If the file does not exist or is not an image, inform the user and stop.
-
Encode the source image to base64:
base64 < /path/to/source.png | tr -d '\n'
Store the result in a variable.
-
Then build the request with the image inline:
curl -s -o /tmp/nano-banana-response.json -w "%{http_code}" \
https://openrouter.ai/api/v1/chat/completions \
-H "Content-Type: application/json" \
-H "Authorization: Bearer $IMAGE_KEY" \
-d '{
"model": "<MODEL_ID>",
"messages": [
{
"role": "user",
"content": [
{
"type": "image_url",
"image_url": {
"url": "data:<MIME_TYPE>;base64,<BASE64_DATA>"
}
},
{
"type": "text",
"text": "<EDITING_INSTRUCTIONS>"
}
]
}
]
}'
Important: Always use -o /tmp/nano-banana-response.json to save the response to a file. The response contains base64-encoded image data that can be very large and would be truncated in stdout. Use -w "%{http_code}" to capture the HTTP status code in stdout.

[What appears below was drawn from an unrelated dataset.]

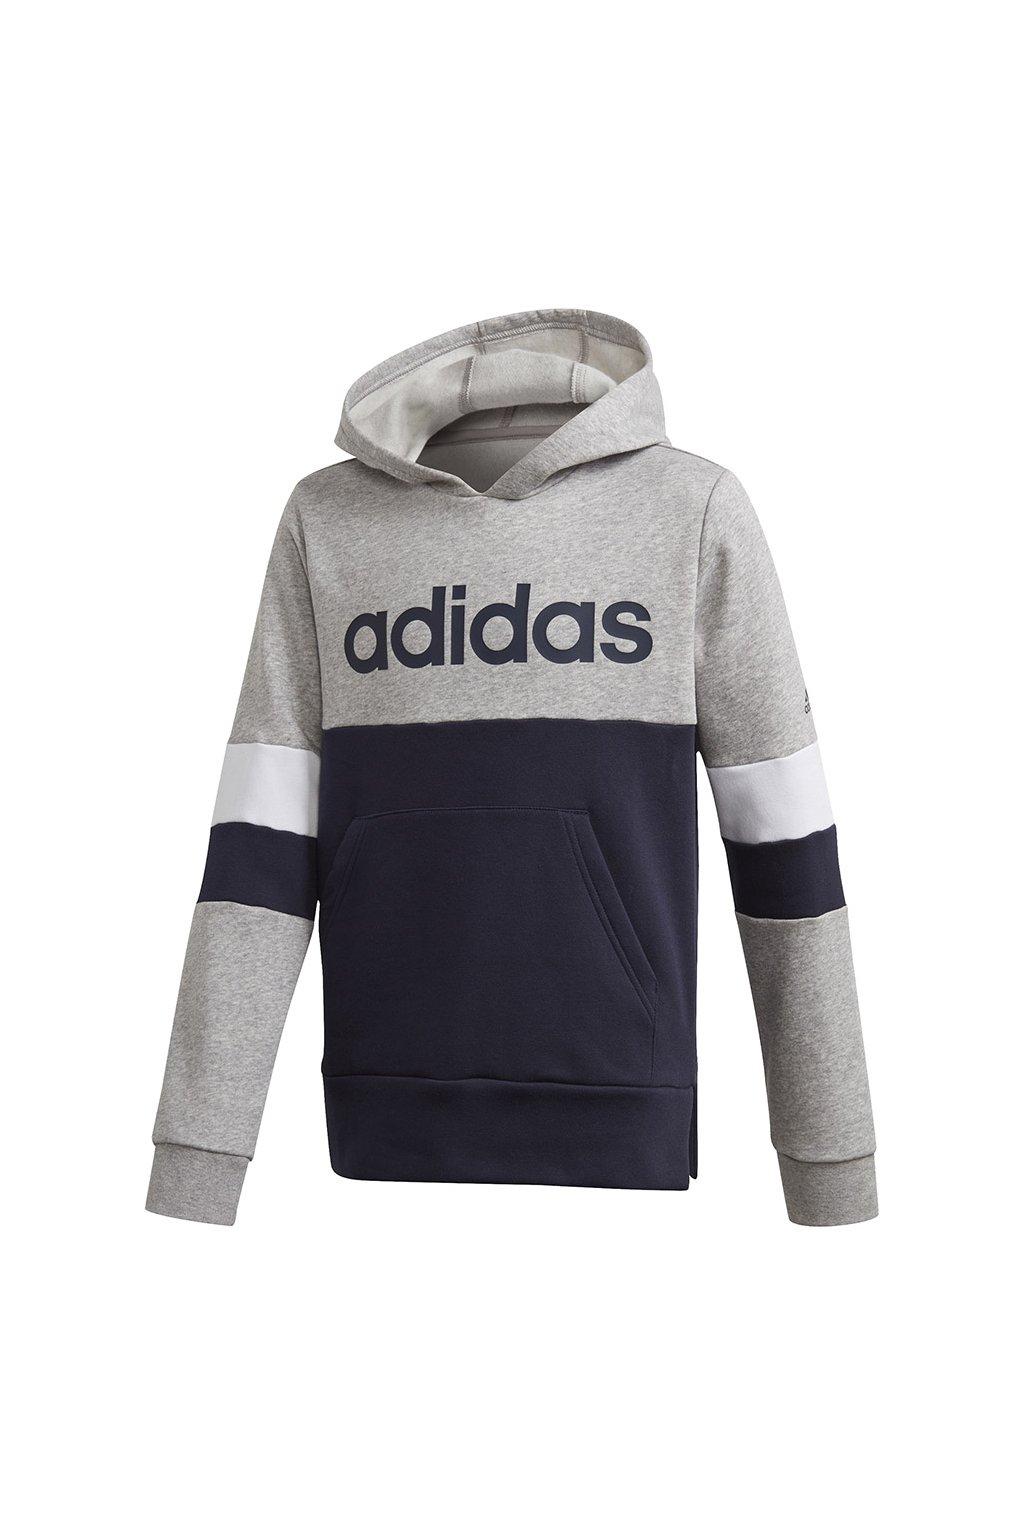 Chlapčenská mikina Adidas Linear Colorbock Hooded Fleece šedo modrá GD6323

Important: For large base64 payloads (image editing), write the JSON body to a temp file first and use curl -d @/tmp/nano-banana-request.json to avoid shell argument length limits.
Step 5: Parse Response and Save Image
5.1 Check HTTP status
Check the HTTP status code returned by curl:
- 200: Success — continue to extract image
- 401: Authentication failed — stop
- 402: Insufficient funds — stop
- 429: Rate limited — stop
- Other non-200: Show the raw error from response, stop
5.2 Validate image exists in response
Validate image count (see references/image-data-safety.md for response structure):
jq -r '.choices[0].message.images | length' /tmp/nano-banana-response.json
- If
0, null, or fails → safety-filtered. Inform the user and stop.
- If
1 or more → proceed to extraction.
5.3 Extract, decode, and save (single pipeline)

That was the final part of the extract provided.